Canadian ice hockey player (born 2006)

Bryce Pickford (born April 2, 2006) is a Canadian ice hockey player who is a defenceman for the Laval Rocket of the American Hockey League (AHL). He was drafted in the third round, eighty-first overall by the Montreal Canadiens in the 2025 NHL entry draft.

== Early and personal life ==
Pickford was born in Chauvin, Alberta to parents Angela and Jim Pickford. Prior to living in Chauvin, his family lived in Leduc, where Pickford's mother worked as a nurse and his father owned a gym. Pickford grew up on his family's farm, where they house pigs, sheep, cows, goats and turkeys. Pickford and his four siblings are homeschooled. His brothers, Austin, Kane, and Reily all play hockey across various leagues.

== Playing career ==
=== Minor ===
Pickford spent two years not playing hockey as a teenager, opting to train full-time with his father and work on the family's farm instead. When asked about his time away from hockey, Pickford said: “All I did was wake up, chores, farm work, work out for four hours, eat, then more chores and go to the rink in Chauvin all day and night. That’s just the way we grew up. Working comes first. The two years I took off was a mental grind. I really didn’t see anybody. I just had long hair, and I didn’t want to go into town; I just wanted to get my work done.”
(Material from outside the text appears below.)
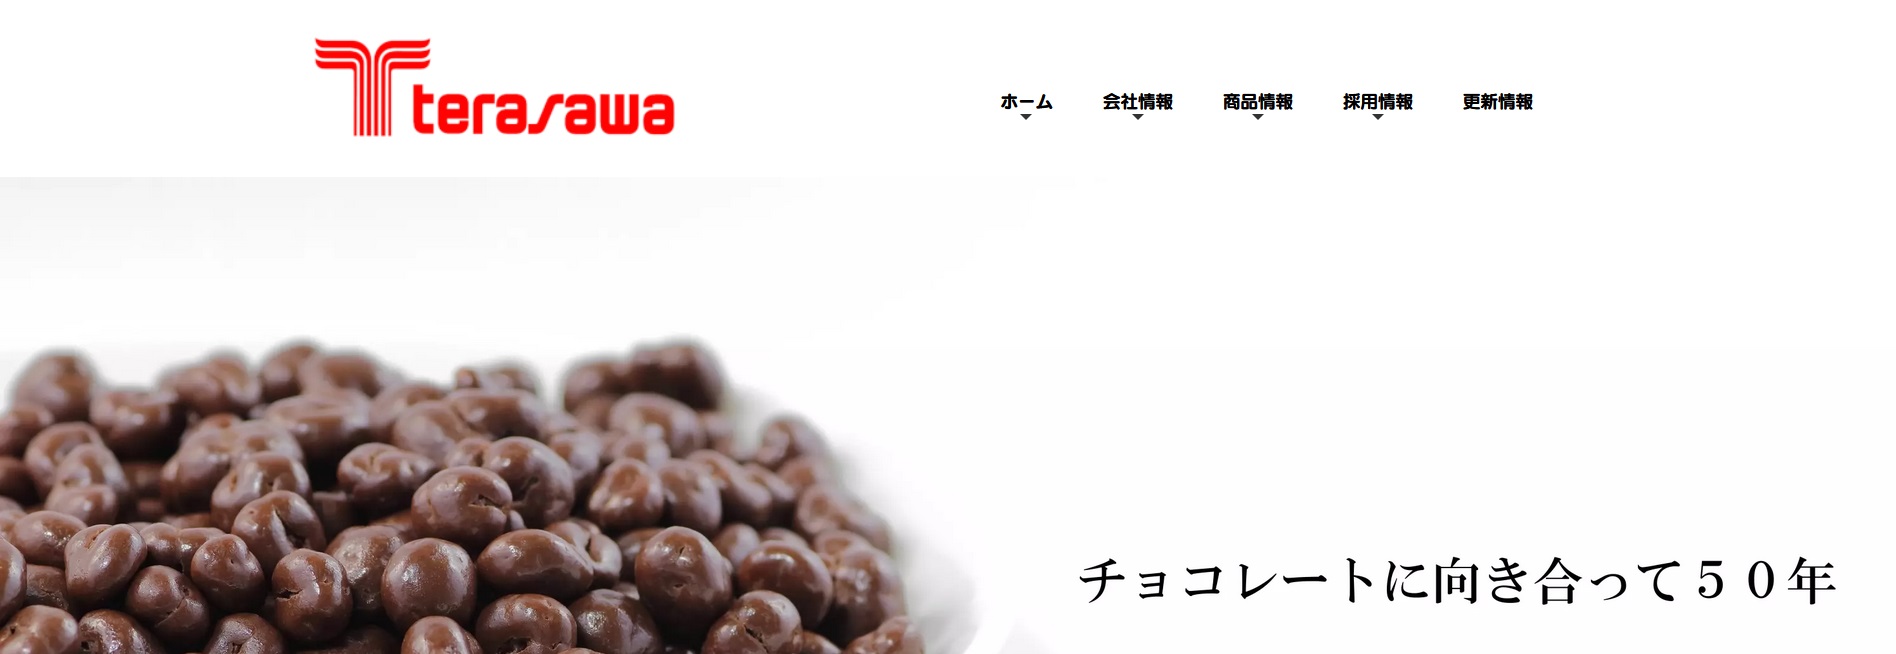 寺沢製菓のホームページの画像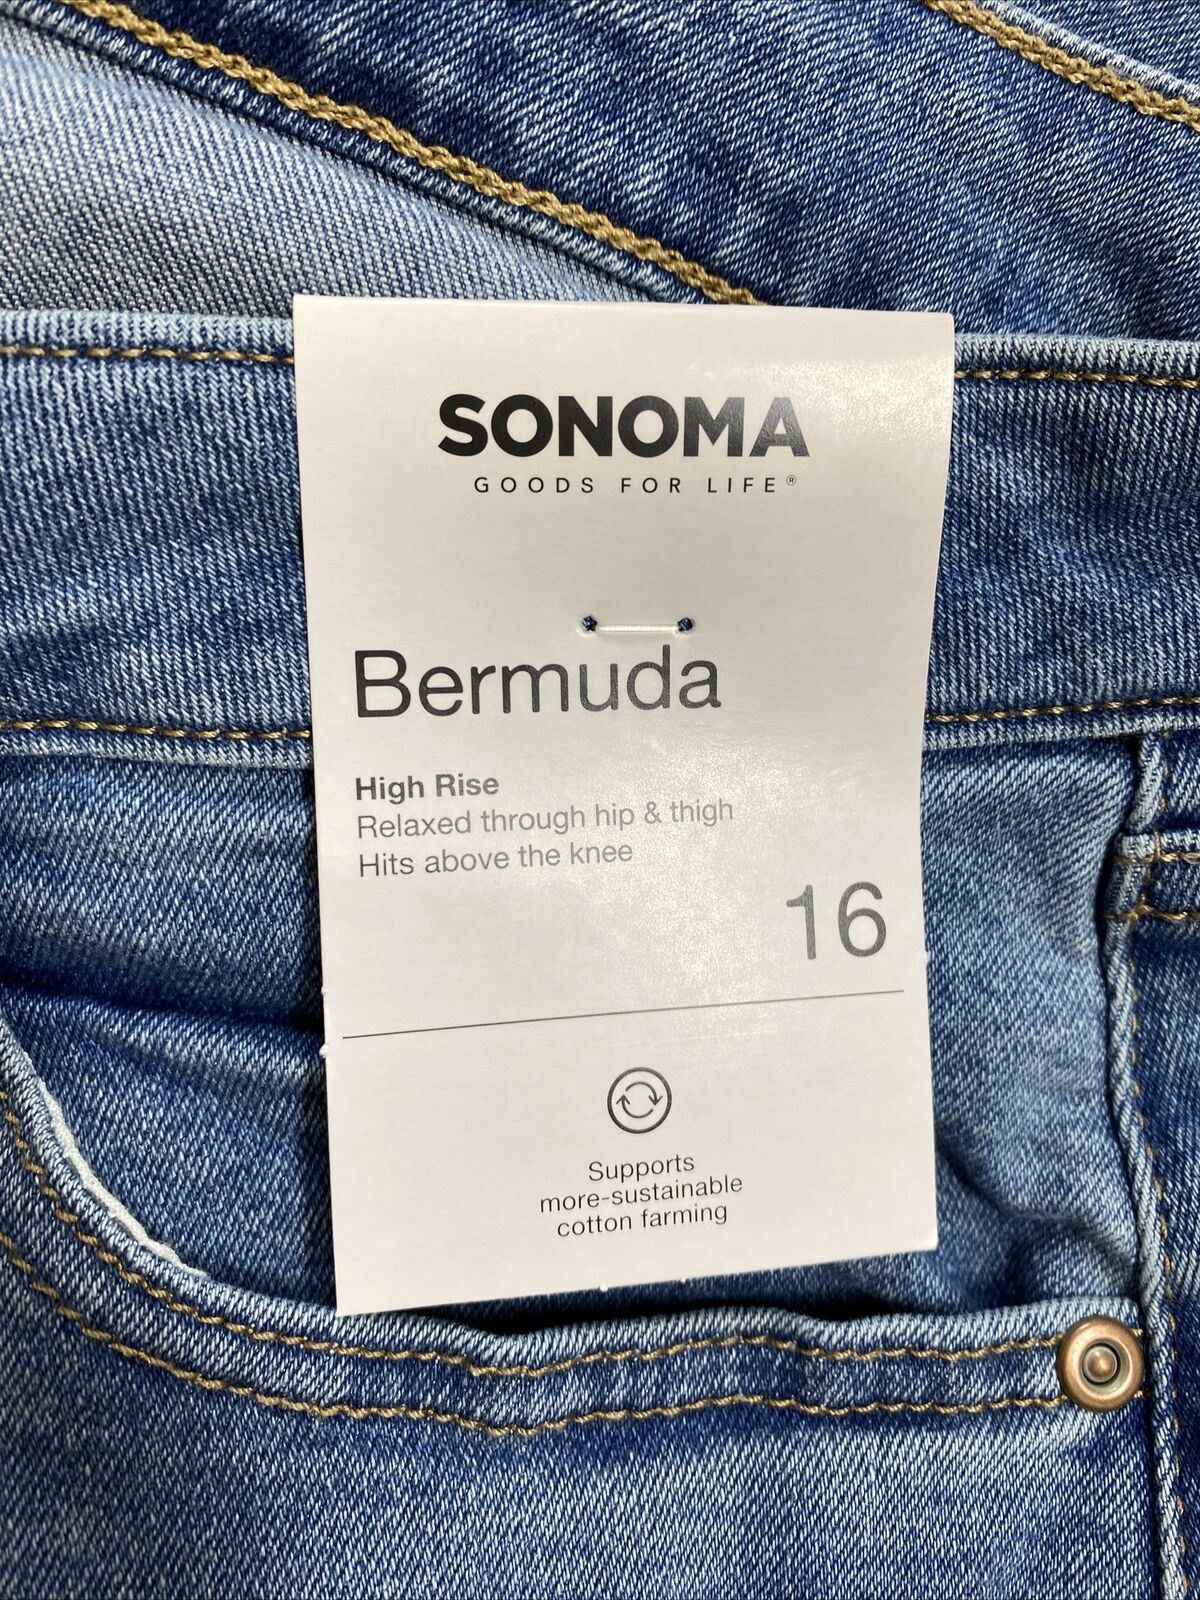 NUEVOS pantalones cortos vaqueros tipo bermuda de talle alto y lavado claro para mujer Sonoma - 16

Pickford's father Jim was introduced to skills coach Adam Huxley while waiting in a rink lobby. Jim stopped him to ask if his kids would be able to skate with him. Huxley agreed, and quickly decided that Pickford was a AAA quality player. After his return to hockey, he played one season of AA before attempting to move onto AAA the next year. Despite making a AAA team, Pickford decided that the commute to Lloydminster was too far and that the team wasn't a good fit. He instead played U18 AA with the Wainwright Wainalta Polar Kings of the Alberta Elite Hockey League (AEHL) for the 2021-22 season, recording 53 points in 30 regular season games. Pickford continued his scoring streak into the playoffs, gaining another 16 points in eight post-season games. Pickford played an additional five games with the Wainwright Bisons of the North Eastern Alberta Junior B Hockey League (NEAJBHL) who were coached by Huxley at the time. Huxley stated that he would have taken Pickford onto the team for the whole season, but that he wouldn’t have been approved for exceptional status.

=== Junior ===
The night before the Western Hockey League (WHL) draft, Adam Huxley invited teams he had WHL contacts with to watch Pickford play a game with the Bisons. Pickford scored twice during the game, with teams lining up to talk to him and Huxley after it had commenced. Twenty-four hours later, on December 9th, 2021, Pickford was drafted 38th overall in the second round of the 2021 WHL Prospects Draft by the Seattle Thunderbirds. He signed a WHL Standard Player Agreement with the Thunderbirds on January 13, 2021.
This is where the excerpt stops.